# position in bank?



## writeshiek33 (May 23, 2015)

ok i am writing story for a comic book idea of mine and wandering who would deal with independent security contractor from the bank side. my main protagonist is bounty hunter/security specialist  who contact their people


----------



## K.S. Crooks (May 23, 2015)

From the top of my head, I think it would depend on the level of the risk. If it is a local branch matter, then the branch manager would be the person initially, but they would most likely seek permission from the corporate office. If it is across many branches then the Chief Security Officer of the bank would be involved right away. The head of the security company with officers working at the branch would also be involved.


----------



## psychotick (May 24, 2015)

Hi,

It depends on what he's contacting the bank about. In most cases with a small local bank I would think he'd be met by the manager - especially if he's hunting someone or informing the bank about some sort of threat. For big banks he might be met by the chief of security.

Cheers, Greg.


----------



## evanator66 (May 27, 2015)

If your character is a bounty hunter, there is probably some guy (below the mayor/magistrate/whatever local authority) who is in charge of posting bounties and paying them out.
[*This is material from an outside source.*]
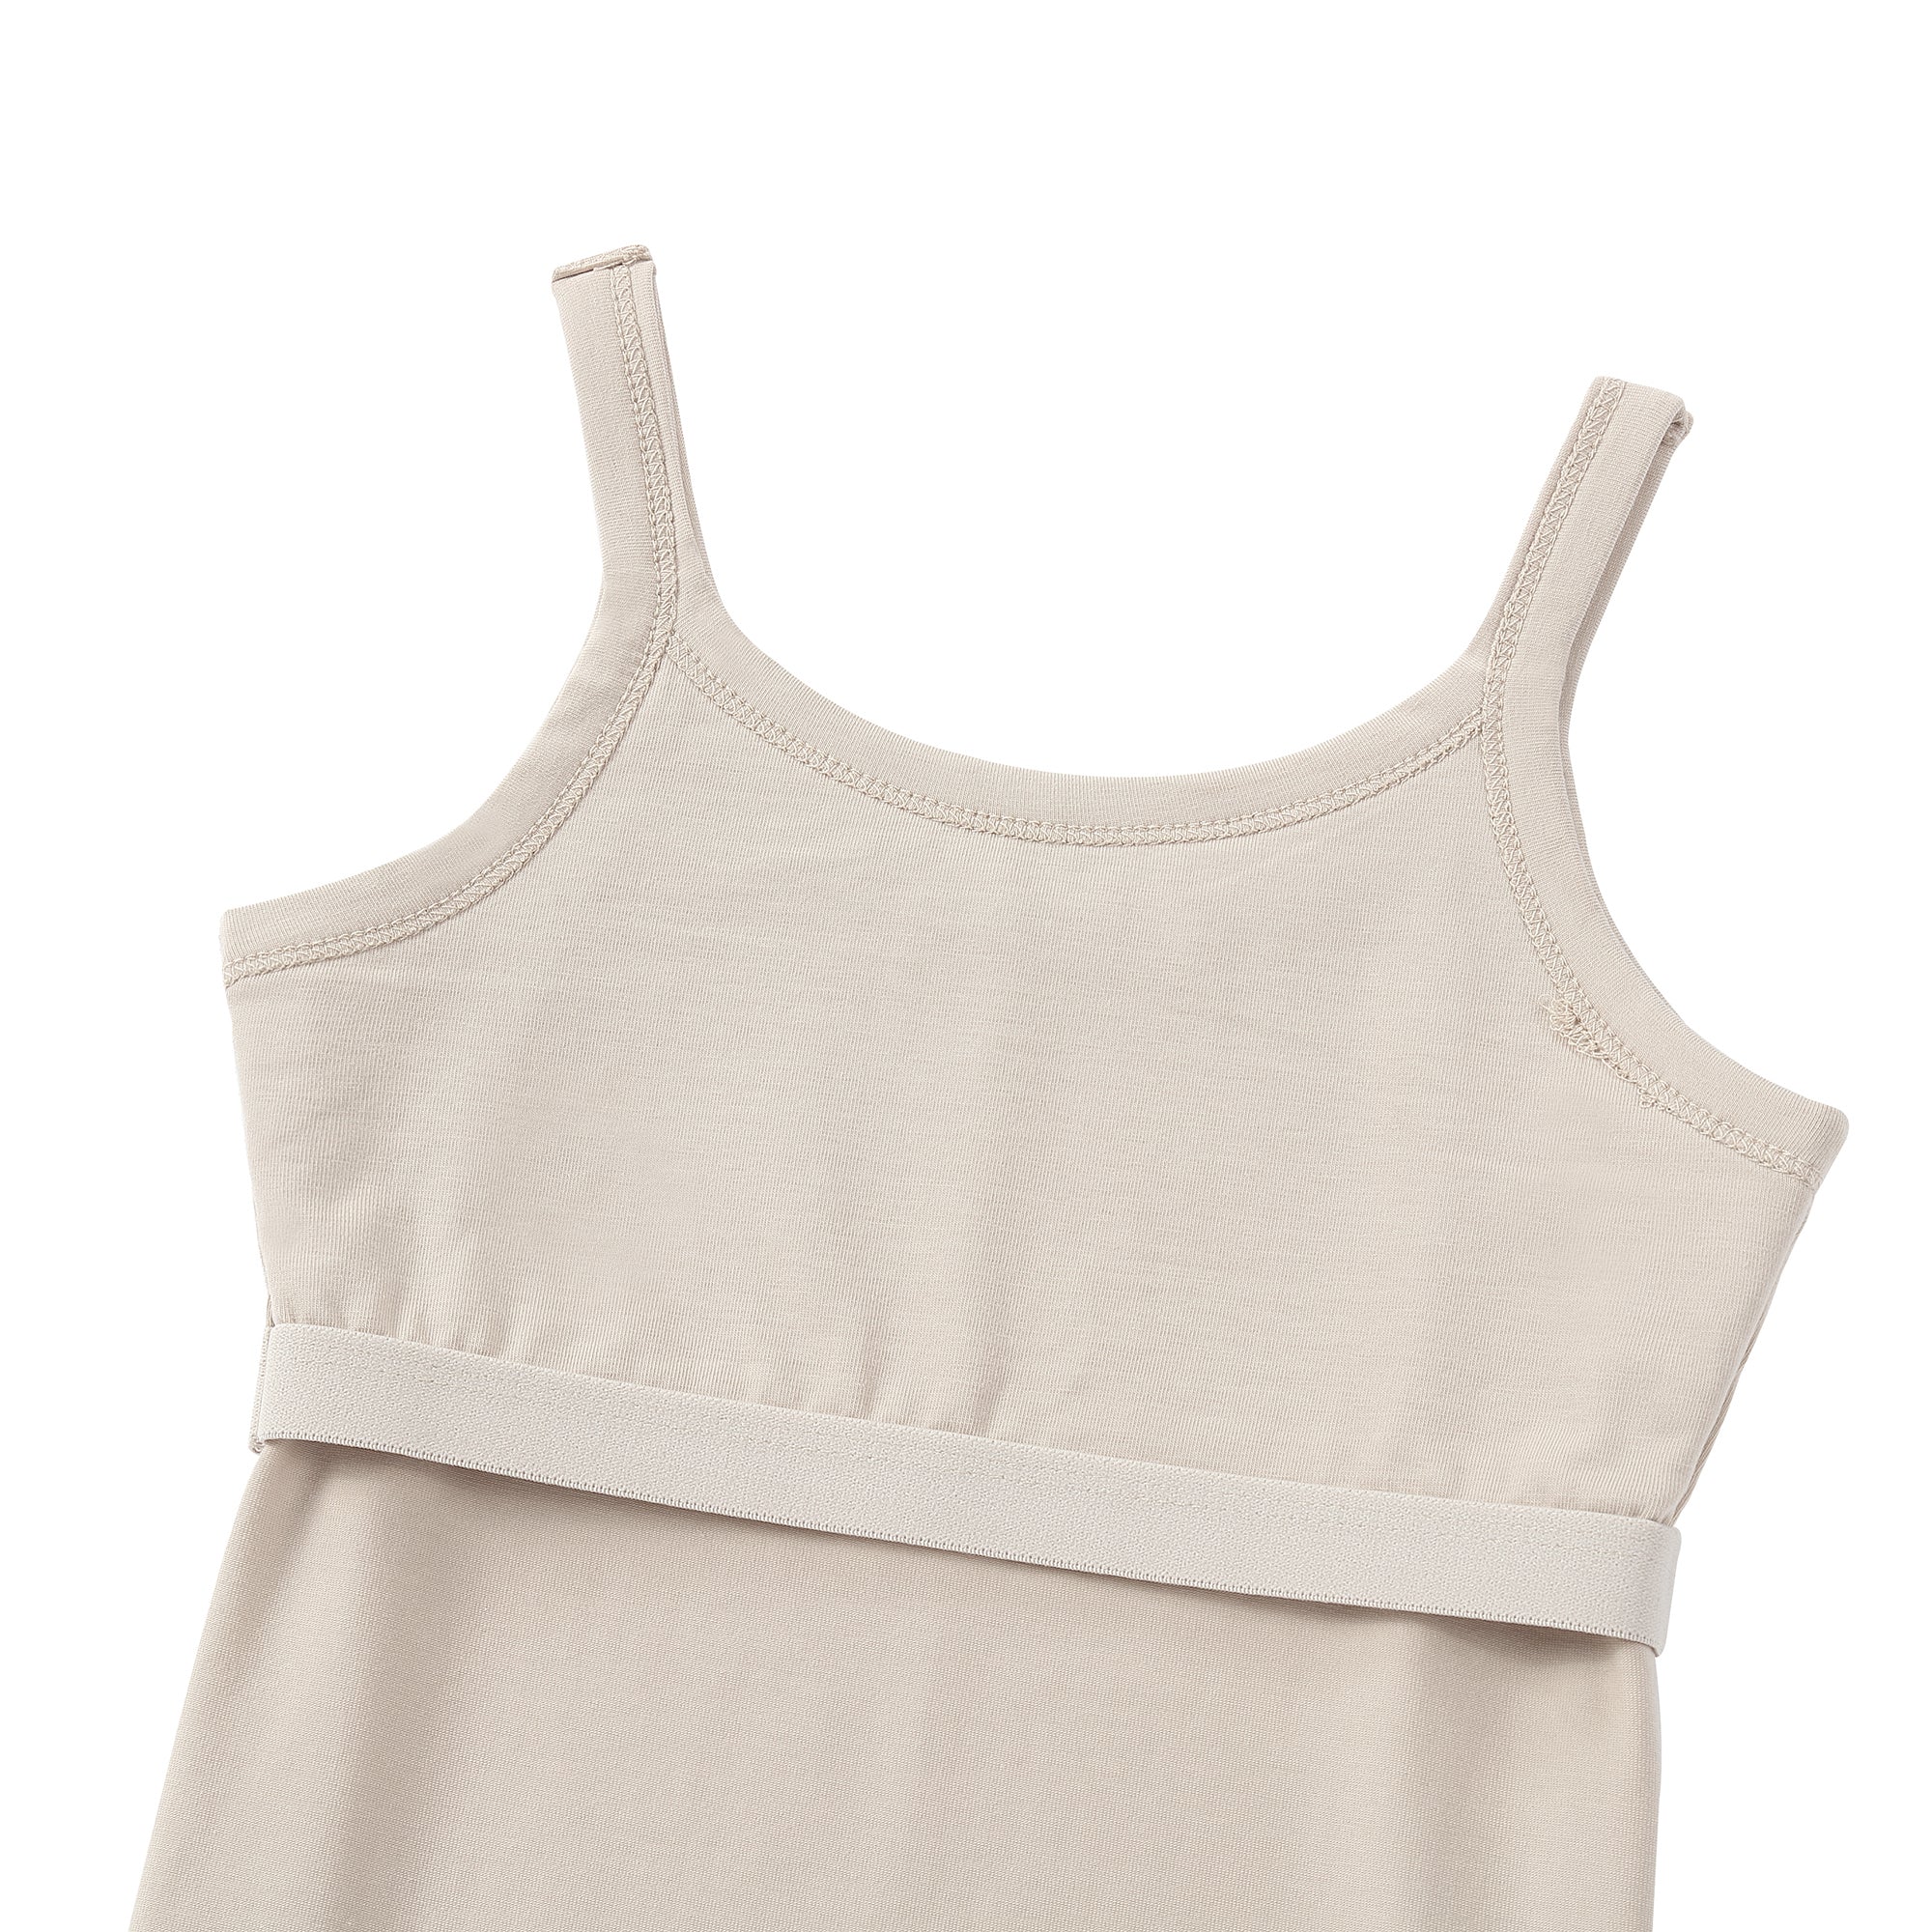 Teen Jersey 2pc Camisole with Support - Tan

If your character generally helps out by informing about security issues he would most likely contact whoever is in charge of the operation/maintenance of the bank in question (such as a local manager for a large bank or the CEO/leader if it is a small bank.) If they were looking for some muscle to enforce loans or deal with bandits, the security contractor would contact or be contacted by the local manager/leader, or if this is a common practice there might be a person in charge of this. like a security chief or a "mercenary chief".


----------